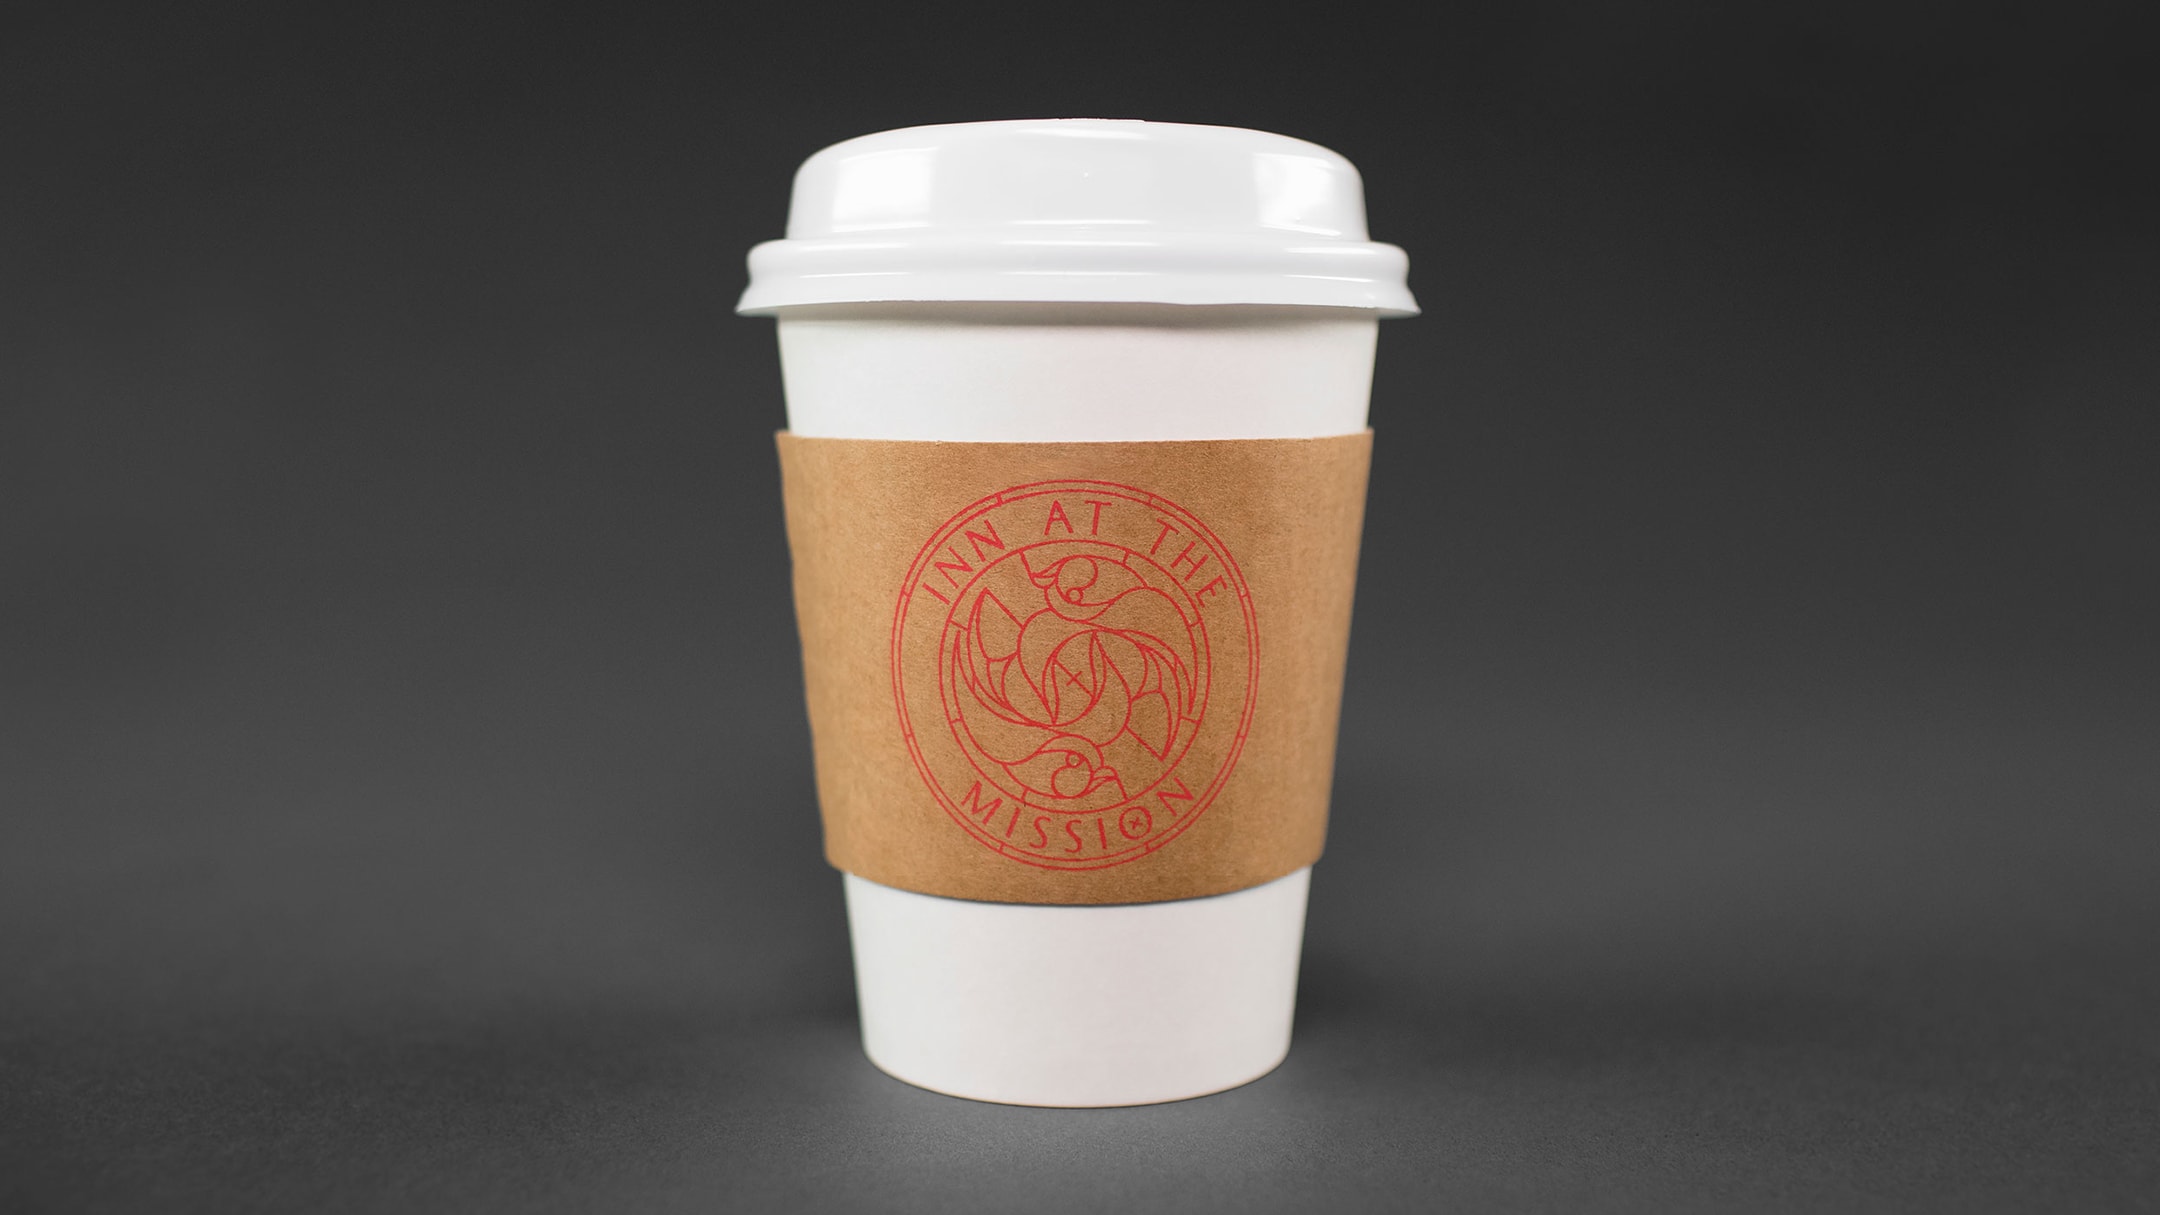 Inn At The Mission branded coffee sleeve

---+---

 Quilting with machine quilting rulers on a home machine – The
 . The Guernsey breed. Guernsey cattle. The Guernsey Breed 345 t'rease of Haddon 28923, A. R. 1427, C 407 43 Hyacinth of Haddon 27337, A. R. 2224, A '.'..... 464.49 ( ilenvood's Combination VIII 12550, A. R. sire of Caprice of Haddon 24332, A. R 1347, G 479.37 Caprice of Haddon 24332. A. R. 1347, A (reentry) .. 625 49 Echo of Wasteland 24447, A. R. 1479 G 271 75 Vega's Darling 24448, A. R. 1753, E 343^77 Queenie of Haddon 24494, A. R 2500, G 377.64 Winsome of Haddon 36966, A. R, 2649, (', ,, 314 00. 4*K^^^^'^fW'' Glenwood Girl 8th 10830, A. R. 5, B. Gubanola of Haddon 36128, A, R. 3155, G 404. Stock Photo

---+---

» **TRY IT**
Starting at the line above that holds "Quilting with machine" and ending at the line that holds "404. Stock Photo", transcribe each line exactly and include no other lines.

» **ANSWER TO THIS TASK**
 Quilting with machine quilting rulers on a home machine – The
 . The Guernsey breed. Guernsey cattle. The Guernsey Breed 345 t'rease of Haddon 28923, A. R. 1427, C 407 43 Hyacinth of Haddon 27337, A. R. 2224, A '.'..... 464.49 ( ilenvood's Combination VIII 12550, A. R. sire of Caprice of Haddon 24332, A. R 1347, G 479.37 Caprice of Haddon 24332. A. R. 1347, A (reentry) .. 625 49 Echo of Wasteland 24447, A. R. 1479 G 271 75 Vega's Darling 24448, A. R. 1753, E 343^77 Queenie of Haddon 24494, A. R 2500, G 377.64 Winsome of Haddon 36966, A. R, 2649, (', ,, 314 00. 4*K^^^^'^fW'' Glenwood Girl 8th 10830, A. R. 5, B. Gubanola of Haddon 36128, A, R. 3155, G 404. Stock Photo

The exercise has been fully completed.